The mining sector in Mozambique has seen several recent large-scale investments – predominantly from Australian mining firms – that speak to the sizable returns that the industry has to offer. In the mining and processing of heavy mineral sands, Kenmare Resources invested $106m in Q3 2020 in moving its West Concentrator Plant at the Moma Titanium Minerals Mine in northern Mozambique. Enabling access to the high-grade Pilivili ore zone, the relocation will allow the firm to reach its targeted output of 1.2 million tonnes per annum of ilmenite and co-products by 2021. The Moma Mine currently represents the fourth producer of titanium dioxide feedstocks globally. In addition to contributing roughly five per cent to domestic exports, the mine employs over 1,300 Mozambican nationals. Other large-scale operations include Syrah Resources’ Balama project, which carries a graphite production capacity of 350,000 tonnes per annum and accounts for 40 per cent of the global graphite market, exporting primarily to China and the United States.

Precious minerals remain largely untapped, with gold deposits in the provinces of Niassa, Tete and Manica drawing growing attention from local and foreign investors. London-listed sustainable mining firm, Gemfields, for example, invested $130m into its 75 per cent-owned Montepuez ruby mine, which harnesses ruby deposits in northern Mozambique and produced 1.2 million carats in 2020. Moreover, the regulatory push from the Mozambican government for artisanal and smallholder miners to legitimise their businesses may unlock further commercialised, large-scale mining activities.

 

Smart mining as the future

A key determinant of mining opportunities in Mozambique and across the continent is the global energy transition, which has driven demand for certain minerals needed to fuel electric vehicles and vehicles that rely on hydrogen fuel cells. Mozambique – as well as Tanzania and Madagascar – holds substantial quantities of graphite, which is used in the production of lithium-ion batteries. While green investors have traditionally excluded mining from their portfolios due to its association with carbon-intensive coal mining, a more sustainable model is emerging through the extraction of environmentally-friendly resources.

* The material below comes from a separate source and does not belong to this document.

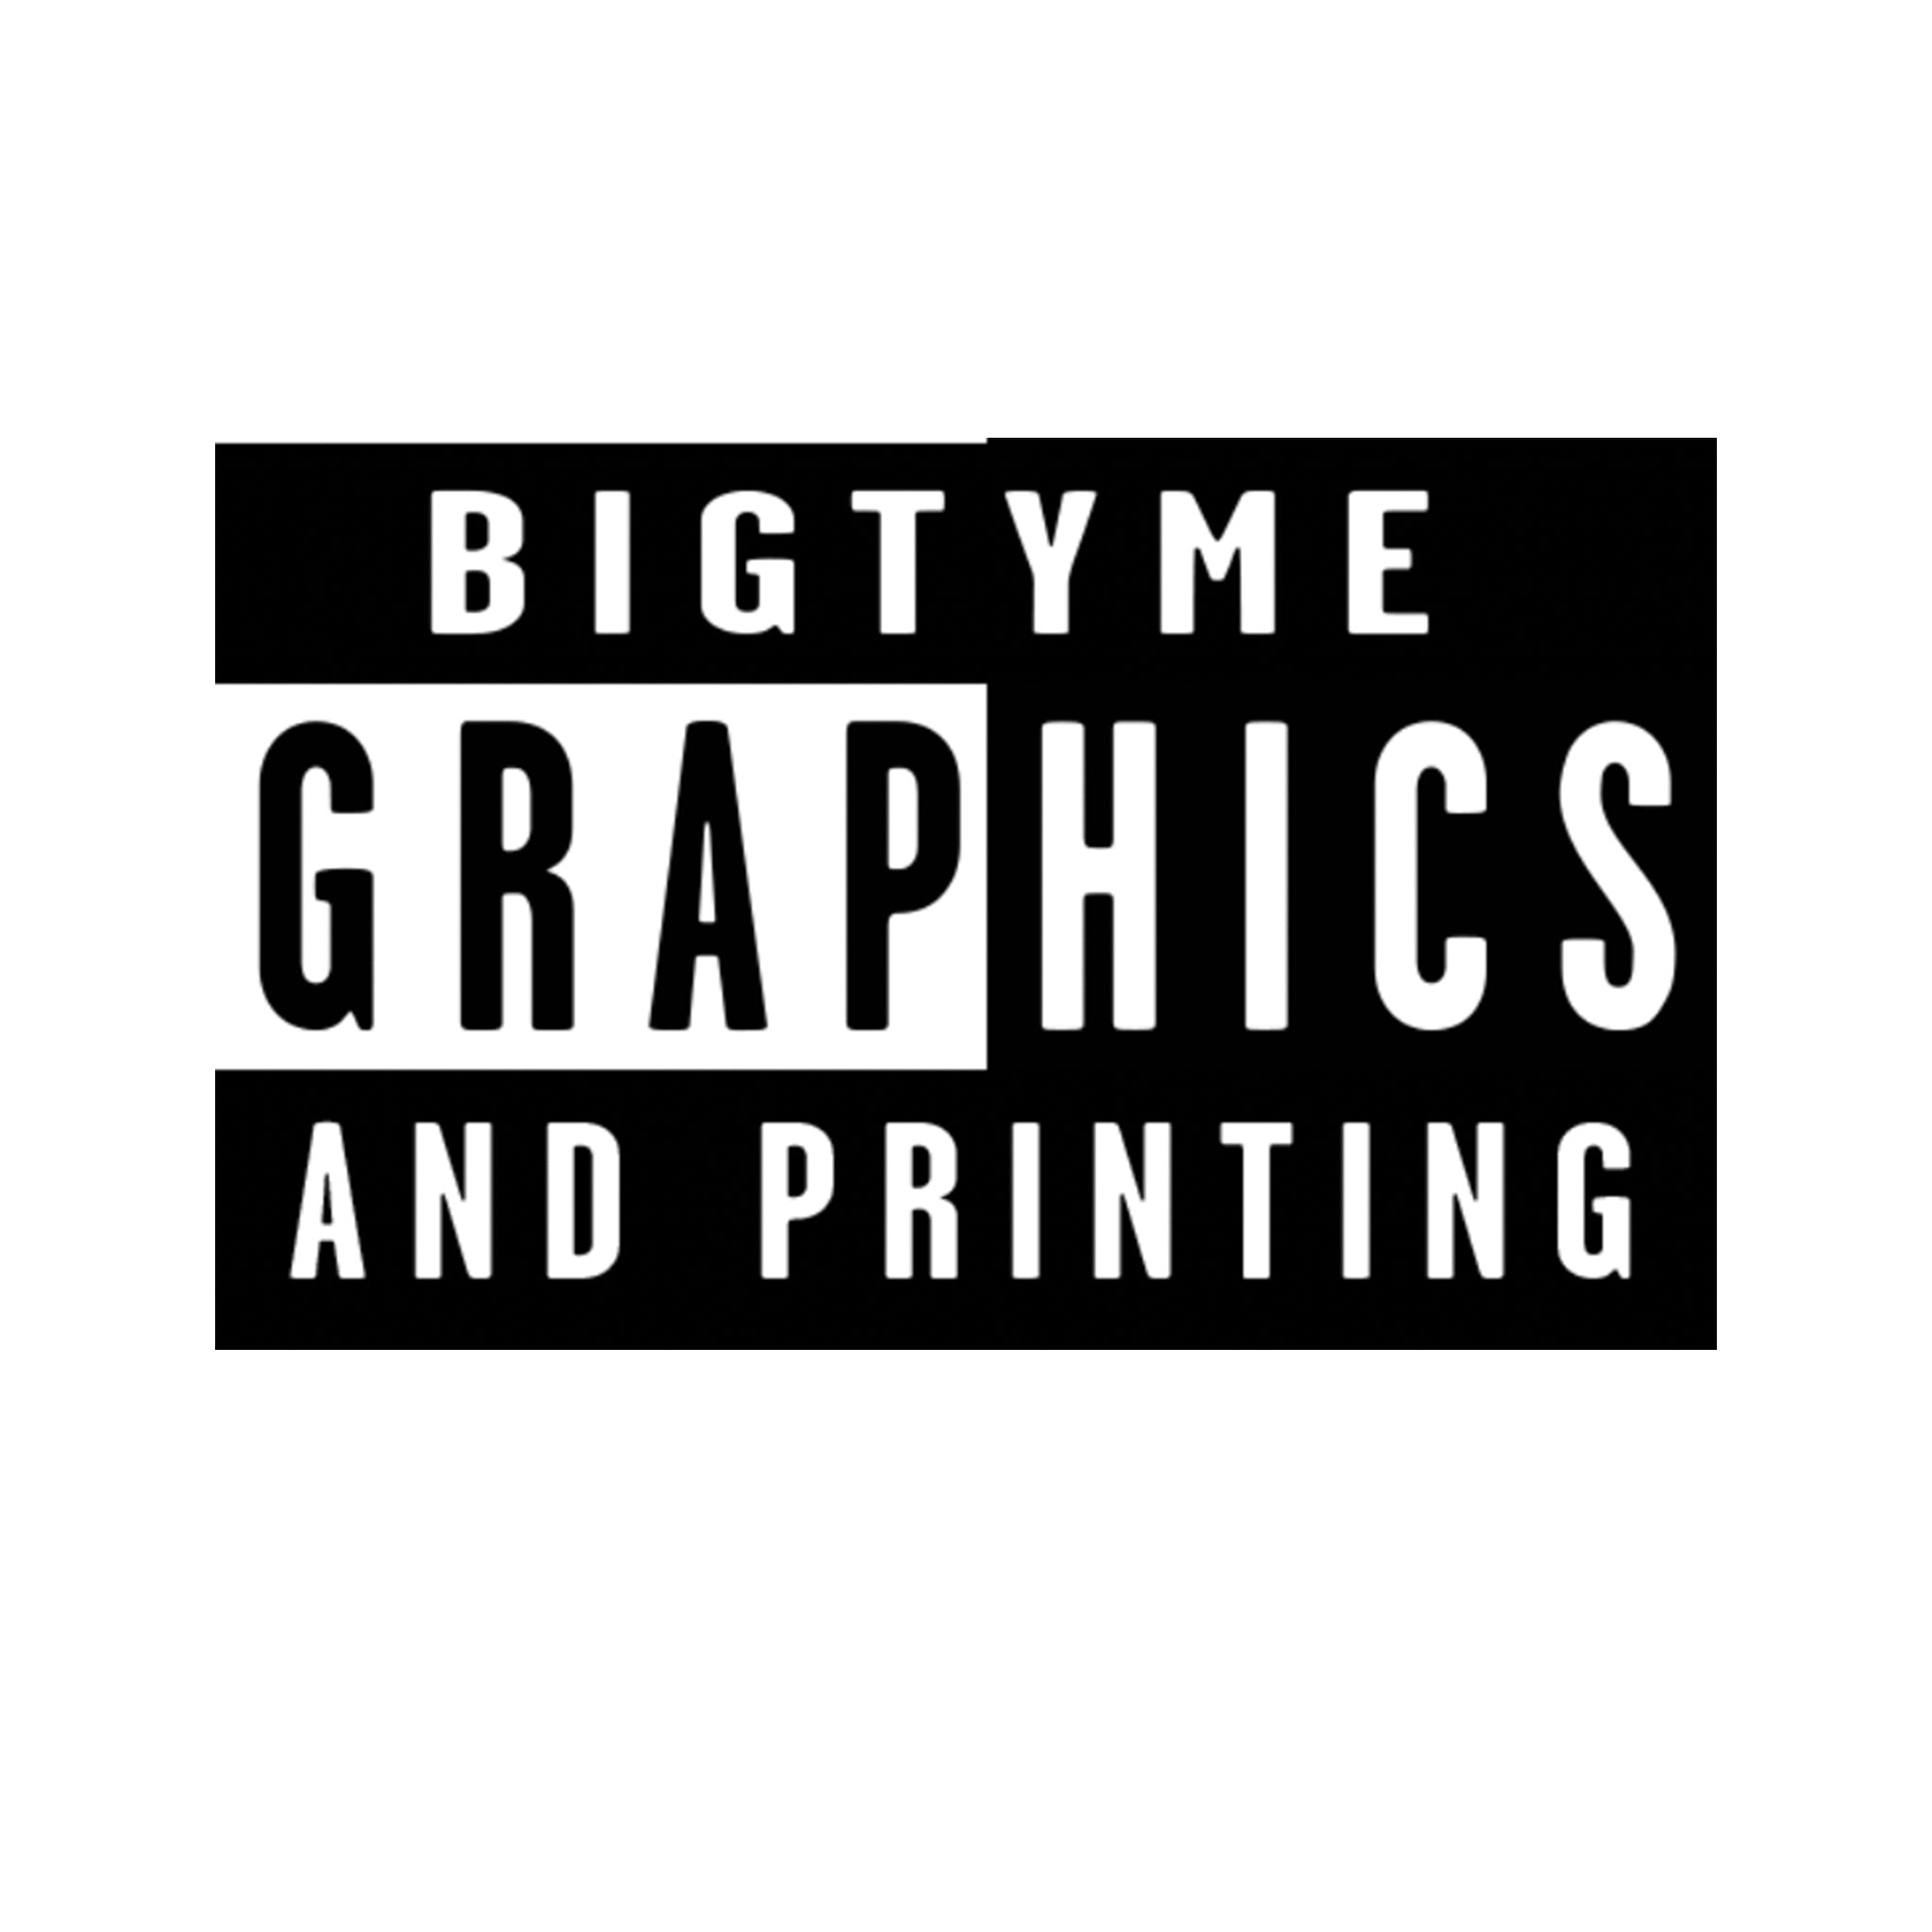 Bigtyme Graphics and Printing

The Caula Graphite and Vanadium Project in northern Mozambique, for example, is being positioned by its developers as a low-cost supplier to the vanadium-flow and lithium battery markets that back electric vehicles and energy storage systems.

On a similar note, an initiative from the World Bank – Climate-Smart Mining – aims to ensure that mining is climate-friendly and sustainable for mineral-rich developing countries, and that benefits of extraction are extended beyond just crude revenues. Accordingly, the initiative takes a sustainable resource management approach, focused on utilising renewables to power mining operations (instead of diesel or coal) as well as recycling extracted minerals in a way that yields long-term benefits for local communities. For rising mining players like Mozambique, the establishment of a circular economy that maximises the full scope of its resources will be integral to building a mining value chain that serves all stakeholders.